Schmitt treats this succession as an intellectual historian. For him, the passage out of theology and into metaphysics occurs with Suarez, Descartes, Newton, and their peers; the passage out of metaphysics and ontology, with Kant; and the passage out of Enlightenment humanism, with Marx and the liberal economists. The passage out of the age of economy and into the age of technology, however, has no intellectual-historical component. Further, it would appear to constitute a new establishment of neutrality, since technique is not as such a form of thought. But the abandonment of intellectual and spiritual projects for merely technical ones is not quite an entryway into substantive secularity or neutrality, since, perhaps surprisingly, it turns out that the dominance of technology, in practice and effect, actually denies neutrality. According to Schmitt, rather, it possesses its own “activist metaphysics—the belief in unlimited power and the domination of man over nature, even over human nature.” A metaphysics without intellectual content, then, but a metaphysics nonetheless. As such, it “can be called fantastic and satanic, but not simply dead, spiritless or mechanized soullessness.”

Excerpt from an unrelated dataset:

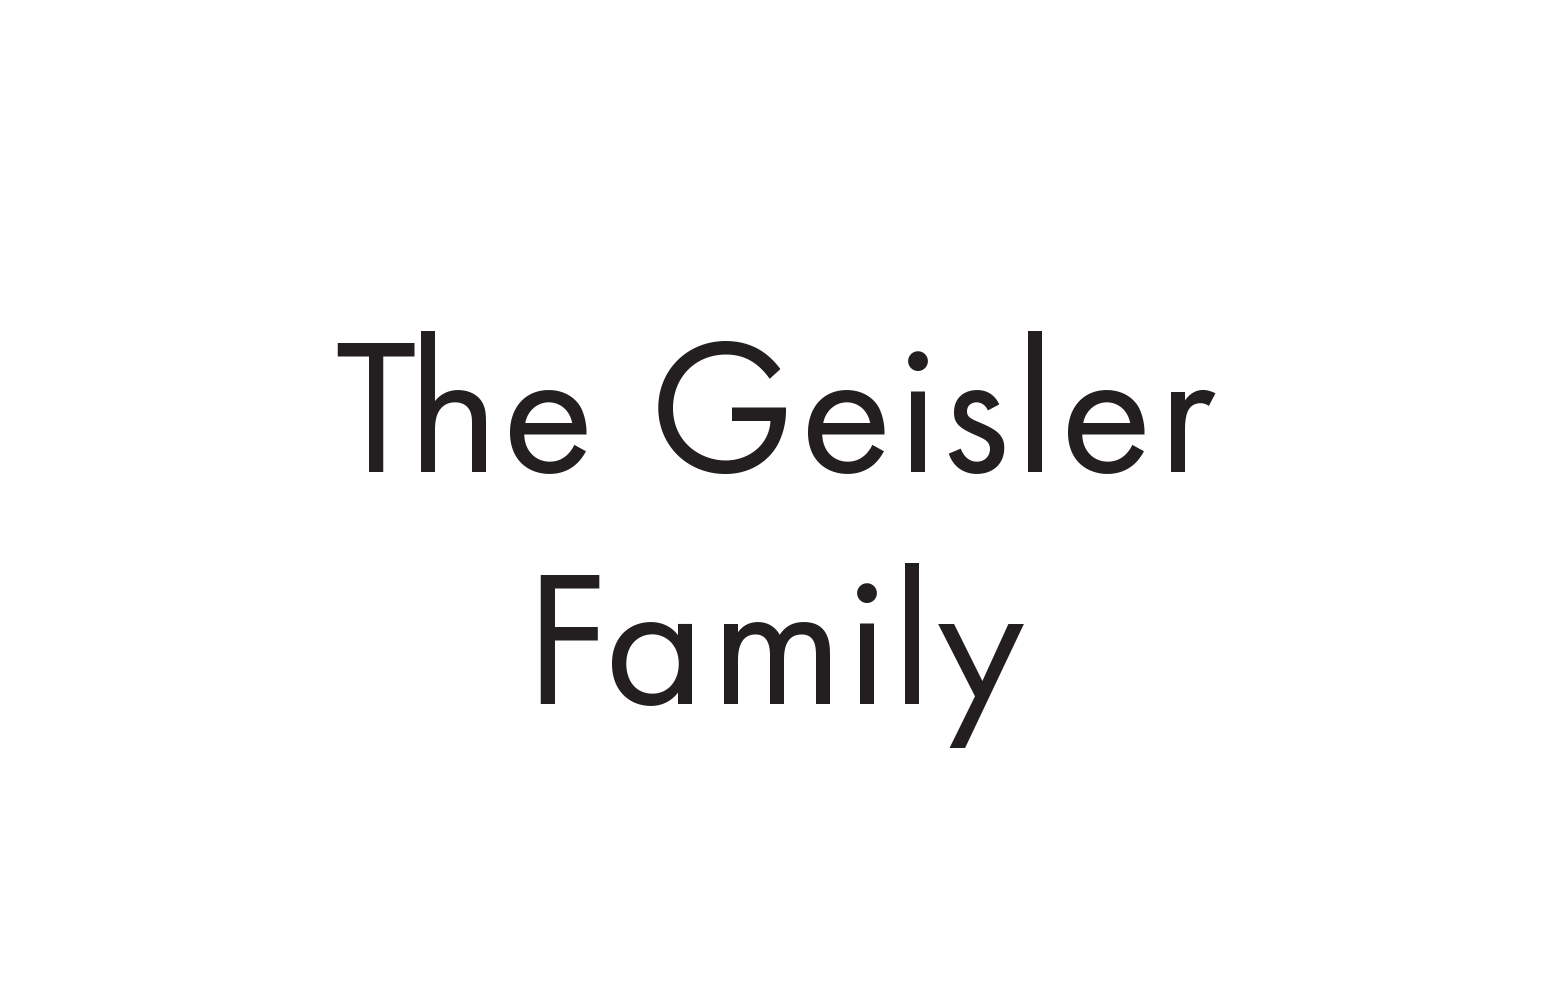 The Geisler Family

This is where Schmitt’s politics take wing, just because the struggle against technology, with its siren call of absolute instrumentality, now involves a battle against evil (i.e., if one reads between the lines, against Bolshevism and Anglophone liberal capitalism). So, Schmitt’s image of a wholly secularized society ends up by appealing to the very opposite of the secular—to the figure of the religious warrior. His version of the incomplete secularization thesis is, in effect, a call to Catholic arms. And yet, Schmitt’s essay also implicitly acknowledges that this religious crusade might fail, in which case “dead, spiritless or mechanized soullessness” will indeed reign. So, in Schmitt, absolute secularity is possible—only, ironically, not for human beings, because once it has at last been reached the species will have forsaken its essential human qualities.”